Continuous Exhaled Breath Condensate pH in Mechanically Ventilated Patients

The investigators have developed a method of collecting exhaled breath condensate pH continually from ventilated patients, which (1) takes samples from an exhaust port on the outside of the ventilator circuit, and (2) possesses no measurable resistance to the ventilator circuit (and, therefore the sampling procedure in no way affects the patient).

Now, additionally, we have performed the continuous collection process on 10 patients in the intensive care units, none of whom have had any ill effects from the collection process.

The placement of the exhaled breath condensate collection device on the ventilator exhaust port offers a simplified, accurate, and safe method of investigating the relationships between airway pH and various pulmonary inflammatory disease processes in intubated patients of all ages.

In order to further extend our study of airway pH in intubated subjects, we believe it is necessary to obtain more frequent exhaled breath condensate pH measurements from intubated subjects. To that end, we have developed a collection system that will also measure the pH of the collected exhaled breath condensate in a fashion similar to the methodology used for thousands of assays in our laboratory and other laboratories globally. This involves deaeration of the sample to remove carbon dioxide. In the lab environment, this is performed with Argon. In the ICU setting, we will accomplish the same effect by using wall oxygen.

The continuous exhaled breath condensate pH collection and assay system consists of a condenser attached to the exhaust port of the ventilator. The condenser is kept chilled to slightly above freezing temperature by a refrigeration system commonly employed in ICU settings. The collection device stays attached to the exhalation port of the ventilator continuously, for hours to days.

Collected exhaled breath condensate is channeled into two deaeration chambers, through which wall oxygen is bubbled (total flow of 1 liter/min). In the second deaeration chamber, a micro pH electrode is inserted. This pH electrode is attached to a pH recorder that has internal memory that can record essentially an infinite number of measurements, allowing for any length duration of monitoring. This recorder has been evaluated by clinical engineering for radio frequency and other interference and is cleared for hospital use.

After measurement of pH, exhaled breath condensate is channeled into a waste chamber.
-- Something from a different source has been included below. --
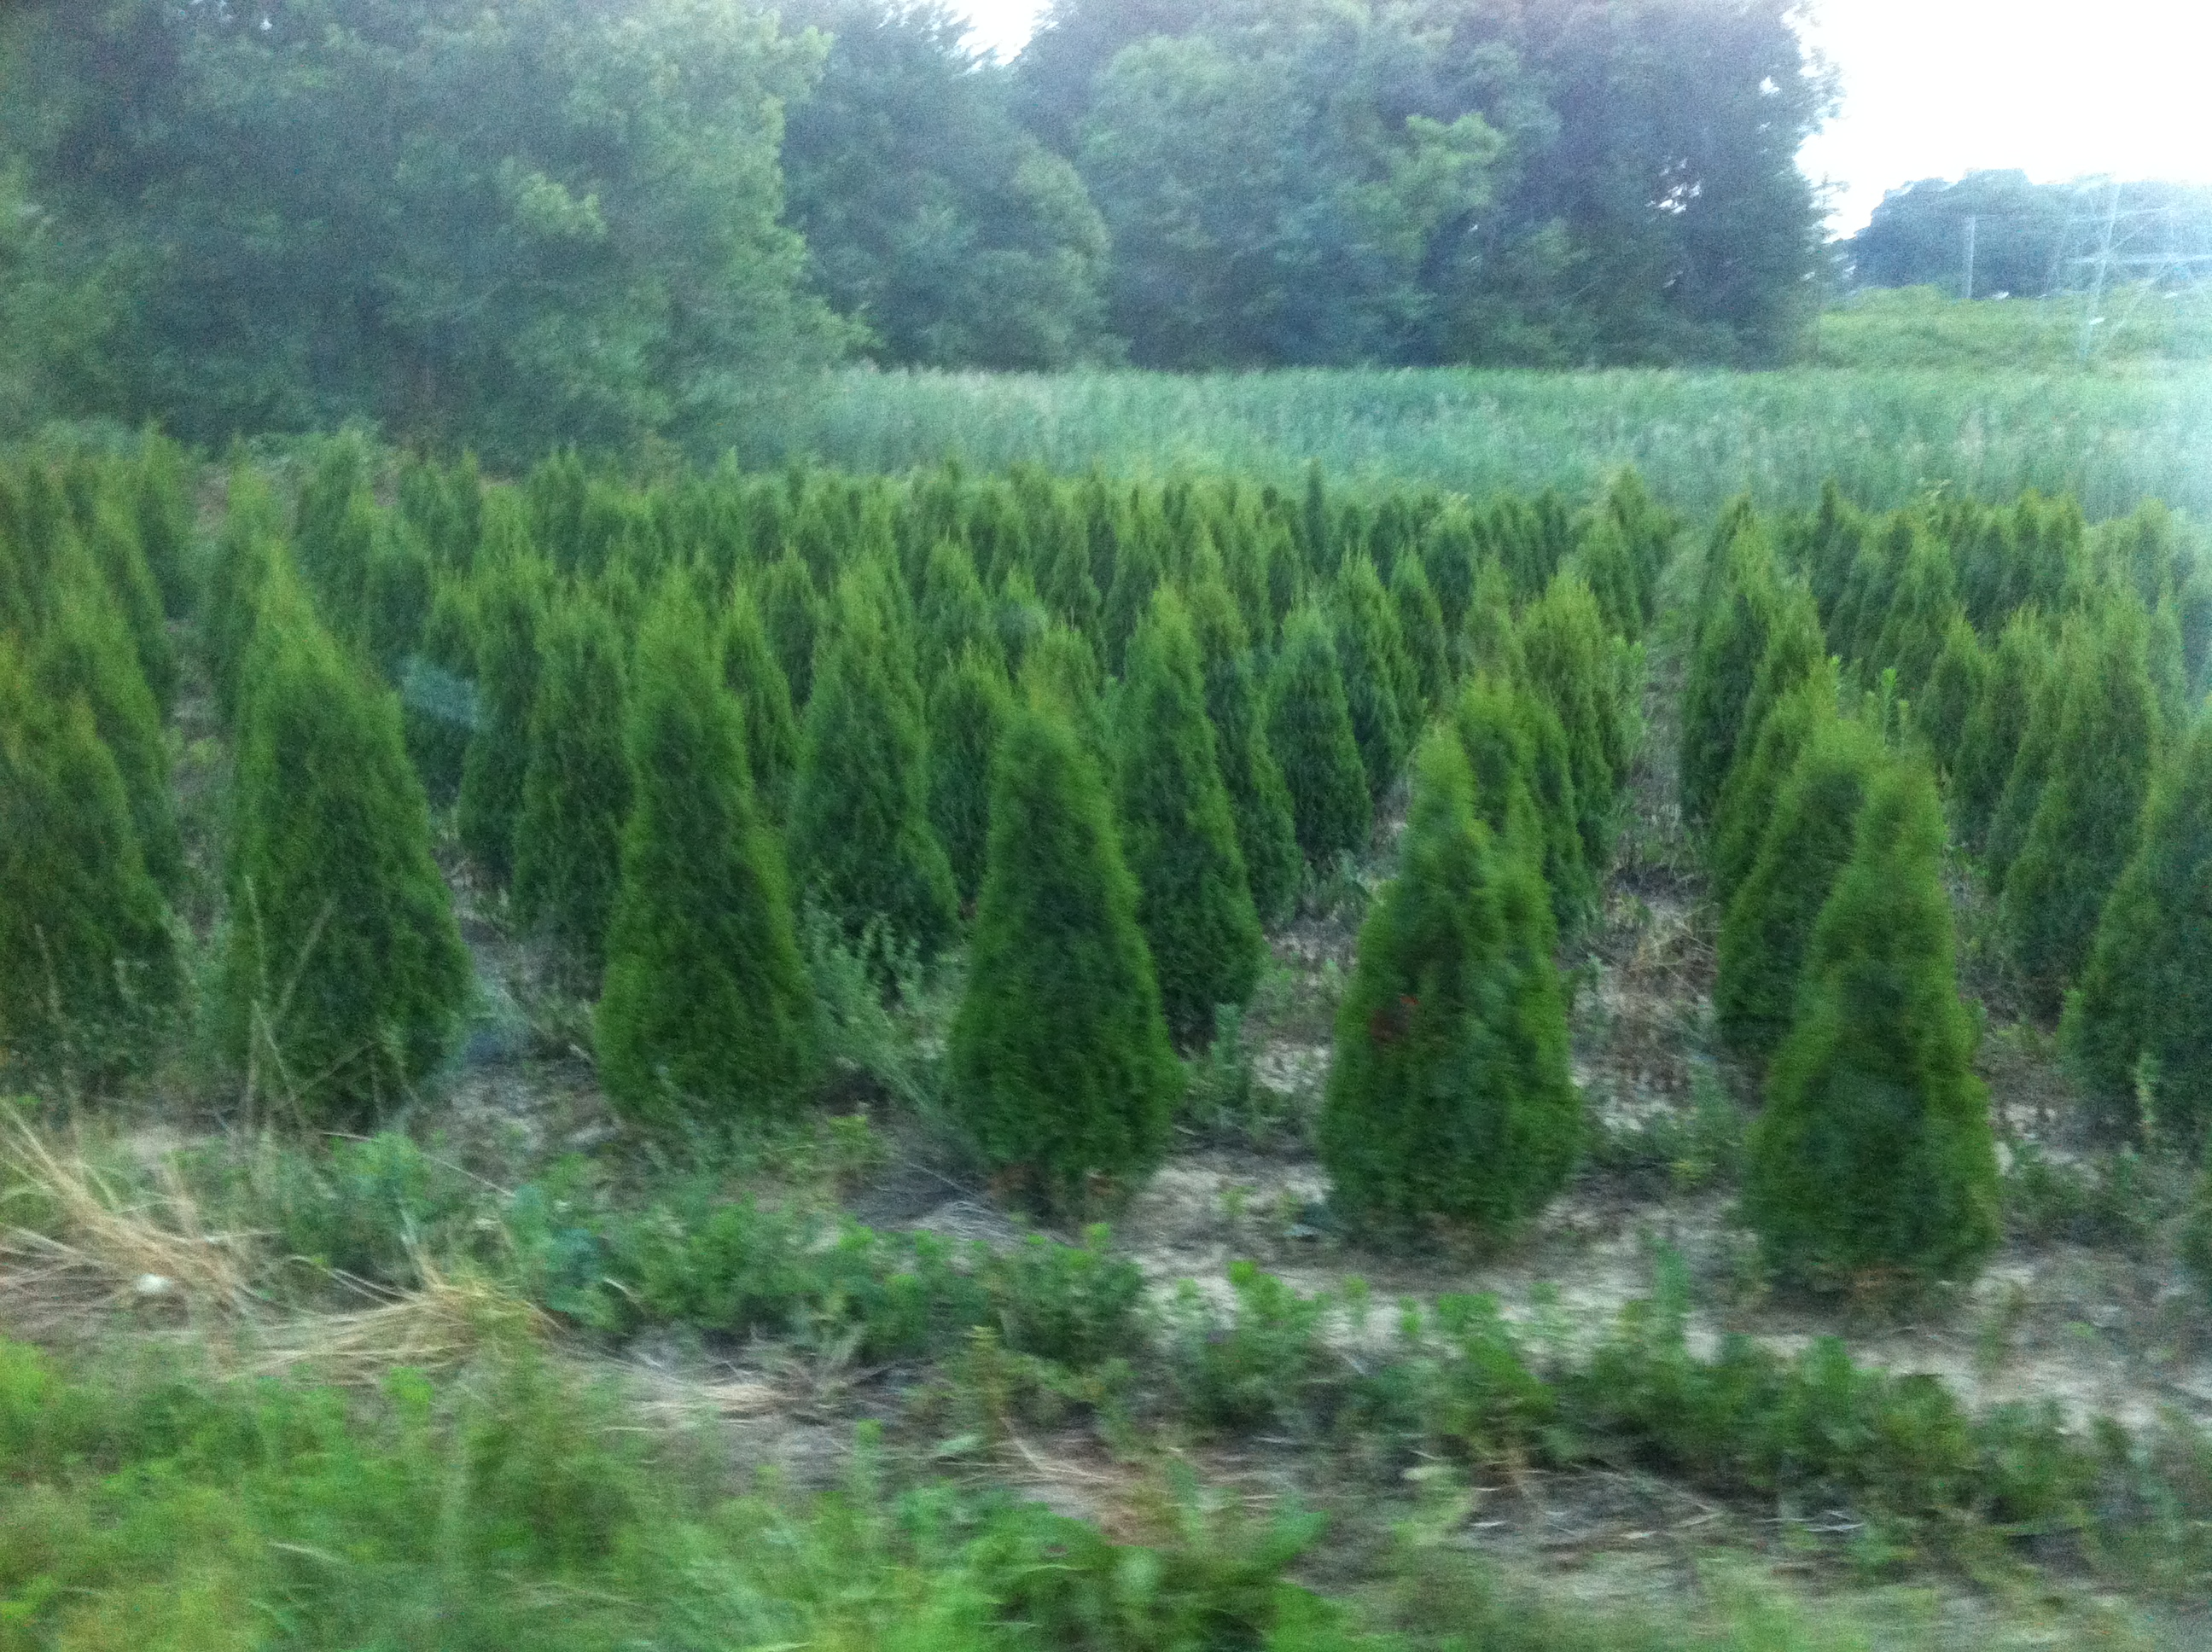 Evergreen Trees Clark Brothers Nursery

The breath condensate collection system is maintained chilled by a "hospital grade" Electri-Cool II model 767 refrigerated cooling system (or near-equivalent) that is clinically approved for use in the intensive care units. This device is approximately 30 cm on a side, and is kept on a wheeled cart out of the way of any clinical activity.

Hypothesis to be Tested: Clearly state the objectives and hypotheses and clearly define the primary and any secondary outcome measures.

1. Exhaled breath condensate pH will have greater within-hour variability in subjects with lung disease than in subjects intubated for non-pulmonary reasons.
2. Exhaled breath condensate pH will rise prior to readiness for extubation in infants and toddlers requiring mechanical ventilation for acute bronchiolitis.
3. A decline in exhaled breath condensate pH or an increase in exhaled breath condensate pH variability will predict the onset of pulmonary inflammatory processes (such as ventilator-associated pneumonia) in those who initially require mechanical ventilation for non-inflammatory reasons.